WORK ORDER: Give back exactly the lines of the material below that start at the line containing "It is rare to" and end at the line containing "Now they are", and no others.

DATA EXCERPTS:
--

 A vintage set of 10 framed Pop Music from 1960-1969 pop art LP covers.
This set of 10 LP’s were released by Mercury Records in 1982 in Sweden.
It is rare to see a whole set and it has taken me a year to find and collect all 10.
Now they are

--

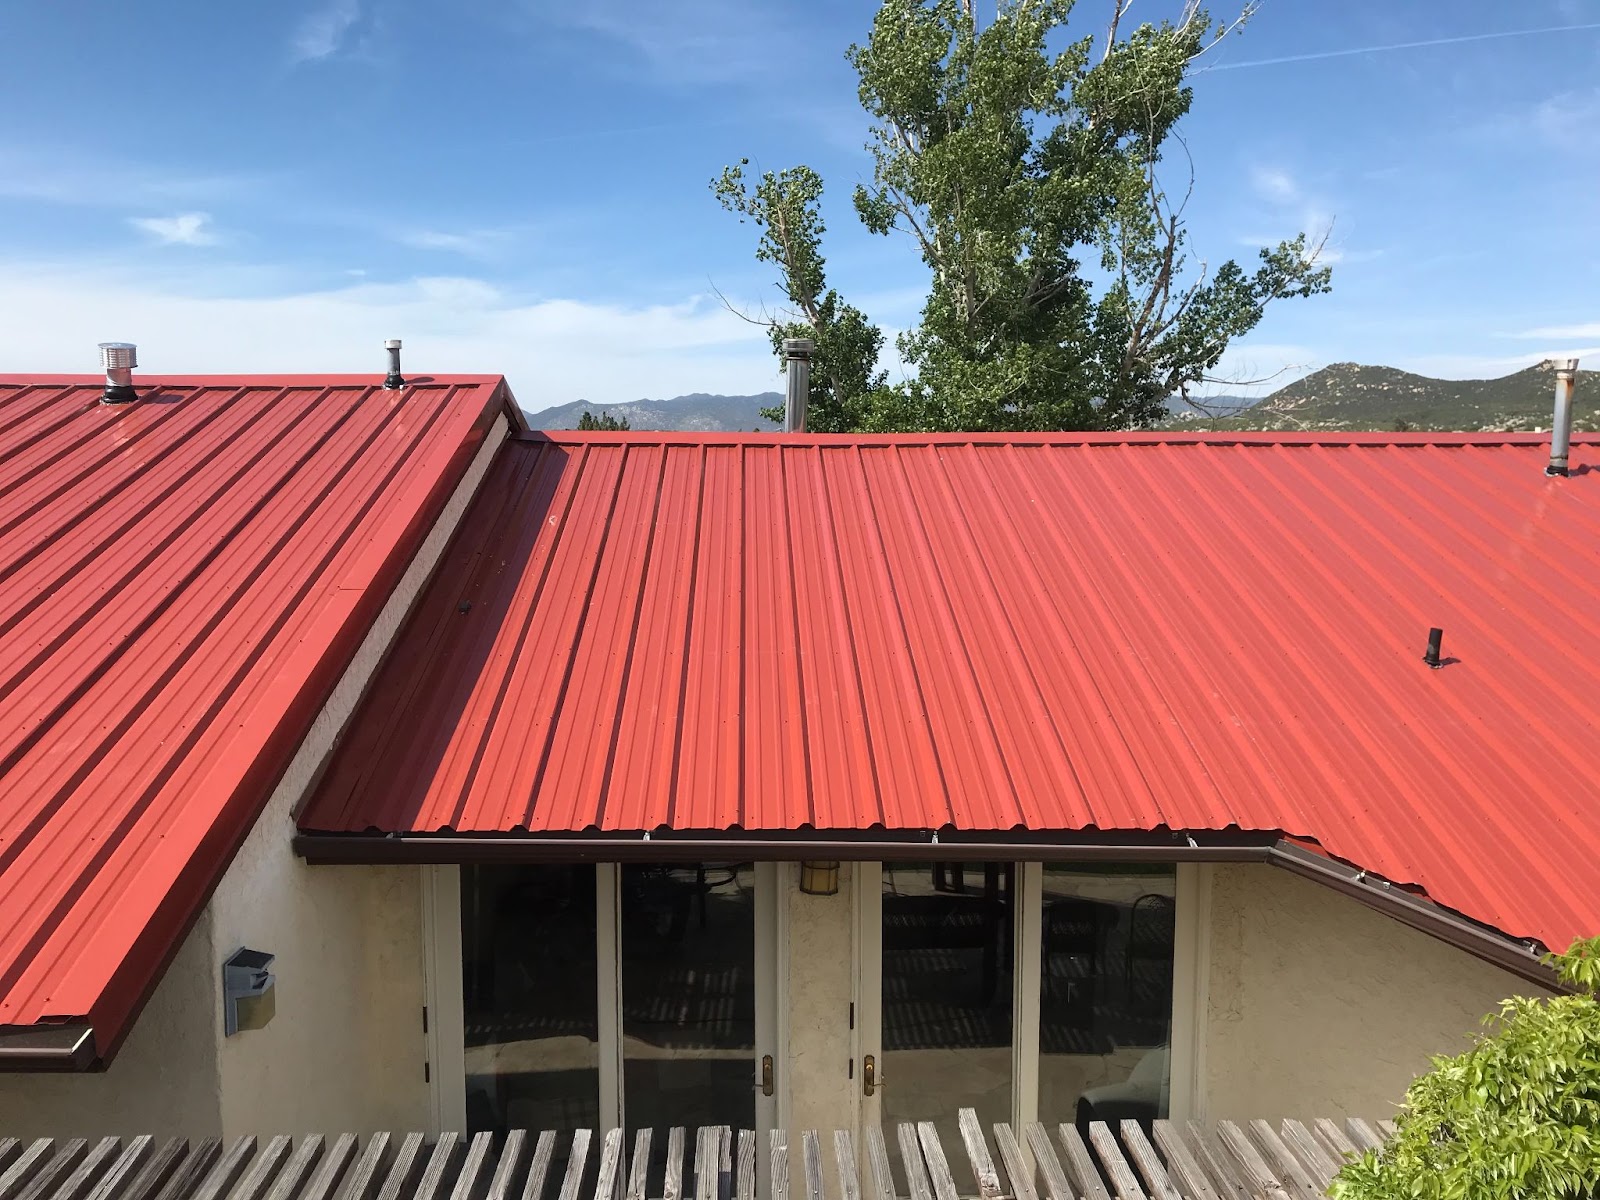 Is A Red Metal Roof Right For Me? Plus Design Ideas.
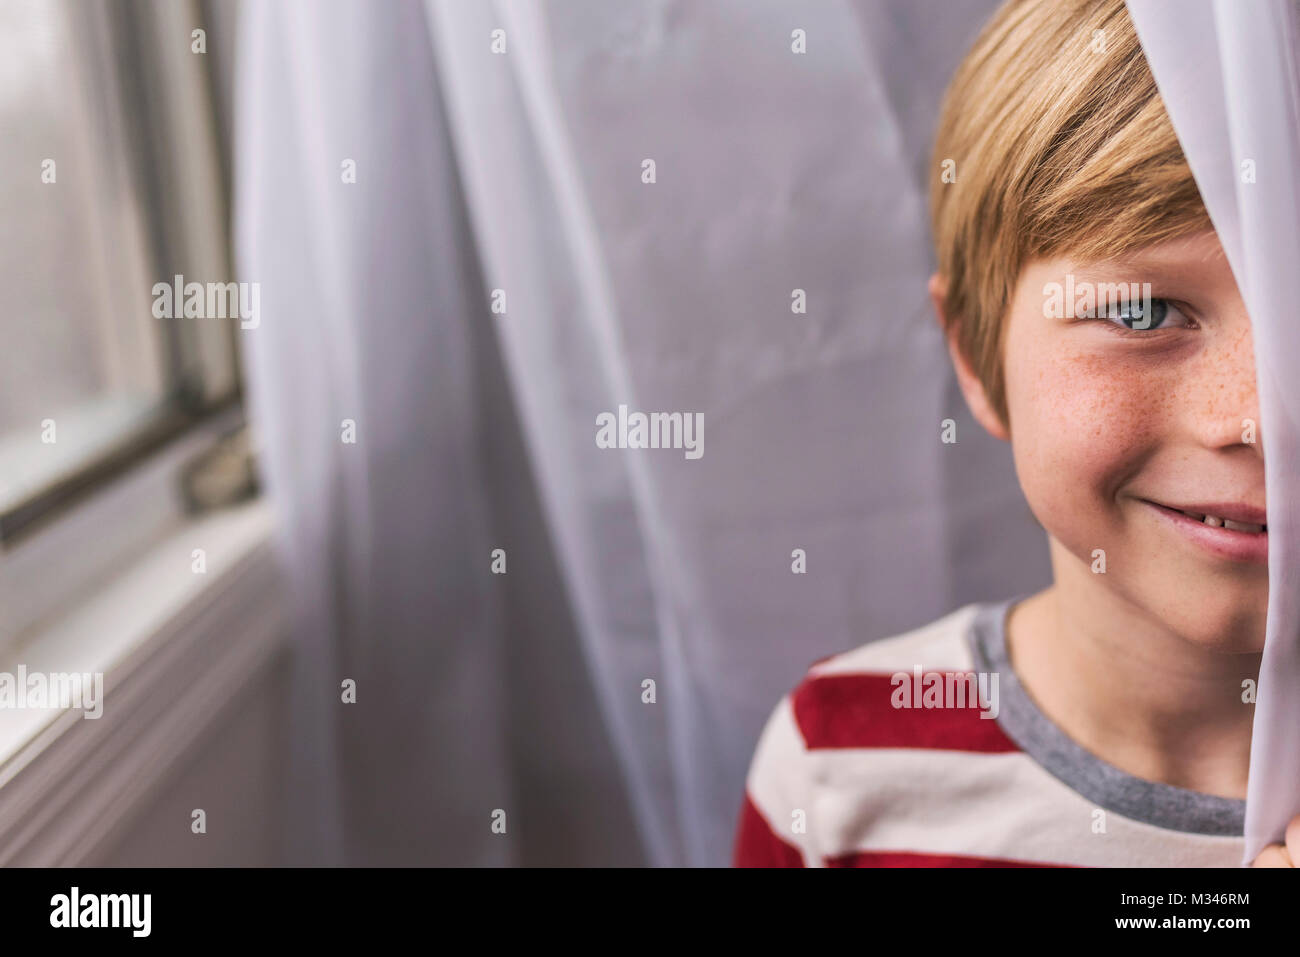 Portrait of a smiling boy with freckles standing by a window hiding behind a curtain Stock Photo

--

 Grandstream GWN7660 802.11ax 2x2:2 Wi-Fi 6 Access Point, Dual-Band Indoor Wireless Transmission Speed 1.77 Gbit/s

--

RESULT OF THE TASK:
It is rare to see a whole set and it has taken me a year to find and collect all 10.
Now they are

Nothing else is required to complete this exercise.